# Heat Exchanger Failure Question



## scotts (Nov 10, 2009)

My 11 year old Trane XE90 needs a new heat exchanger. I was relieved to hear that the part is covered under a lifetime warranty, but shocked when my HVAC guy told me that the labor to install it would cost nearly as much replacing my old XE90 unit with a new one.

I can't believe that after only 11 years of moderate mid-Atlantic use that I now have to replace the entire unit. My HVAC guy said he has never heard of a heat exchanger failing so soon, but thought that may be my propane had a high moisture content or possibly other chemicals that corroded it prematurely.

Should it cost $2,000. in labor to replace a heat exchanger?

Any input would be most appreciated.

Thanks, Scott


----------



## kok328 (Nov 15, 2009)

$2K sounds a bit out of line with the scope of work.
Call around for a few more quotes or do the work yourself.
It a simple matter of removing the old and reversing procedure on the new, assuming you can acquire the new exchanger on your own.


----------



## scotts (Nov 16, 2009)

Thanks for your reply.

I called another HVAC contractor and they concurred that it was not worth replacing the heat exchangers. They said they would do it for about $1,500. which was better than my first quote of $2,000., but considering I can get a tax credit of $1,000. on a new system it made more sense to install a new unit. Also, the new unit (Trane XR95) is 5% more efficient than my old unit, so I figure I'll save about $125. per year in propane or about $1,250. over 10 years.

I considered replacing the heat exchangers myself, but having no experience with this type of repair I decided not to risk it. After my old unit was removed I examined the damaged heat exchangers and it really did not look like a very complicated repair.

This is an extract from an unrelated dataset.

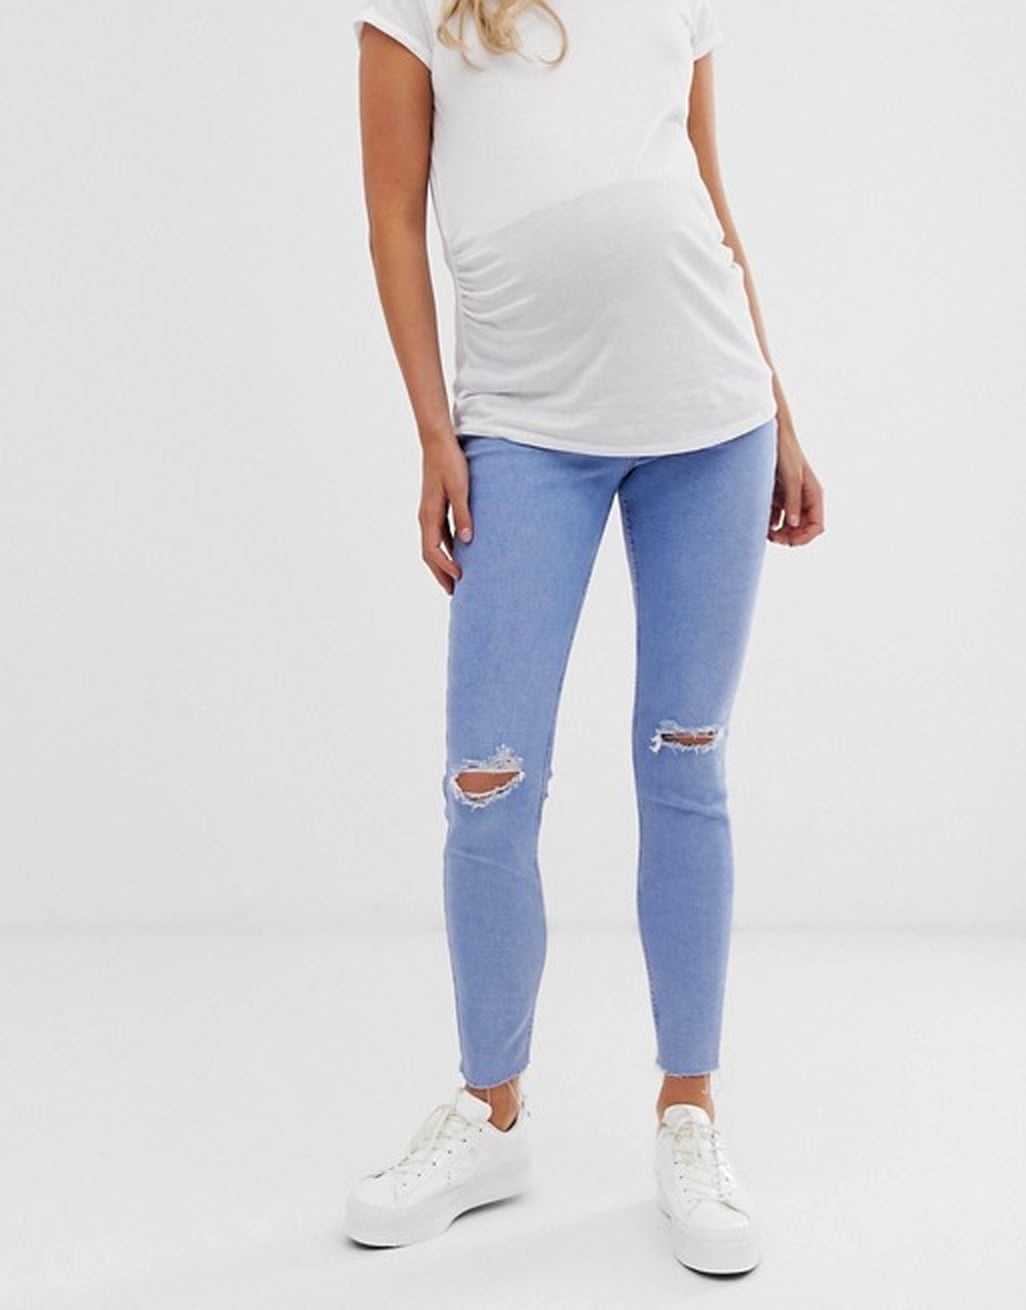 Best Maternity Clothes at ASOS Under 50 | POPSUGAR Family

It might have taken me all weekend, but I definitely could have done it.

I was surprised to see that there were only two small holes ranging in size from 1/16" to 1/8" in diameter in each of the three exchangers. Oddly each exchanger had only a single hole in the center of each side wall.

Finally, I was told the installation of my new unit would take about 4 hours, so I was naturally expecting it to probably take 6 hours. However, I was amazed when it took less than 2 hours to remove the old unit and completely install the new unit! Seeing how quickly they replaced my old unit I still could not understand why replacing the heat exchangers was so time consuming.

Anyway, I hope my experience helps someone else in their decision making.

- Scott.


----------



## travelover (Nov 16, 2009)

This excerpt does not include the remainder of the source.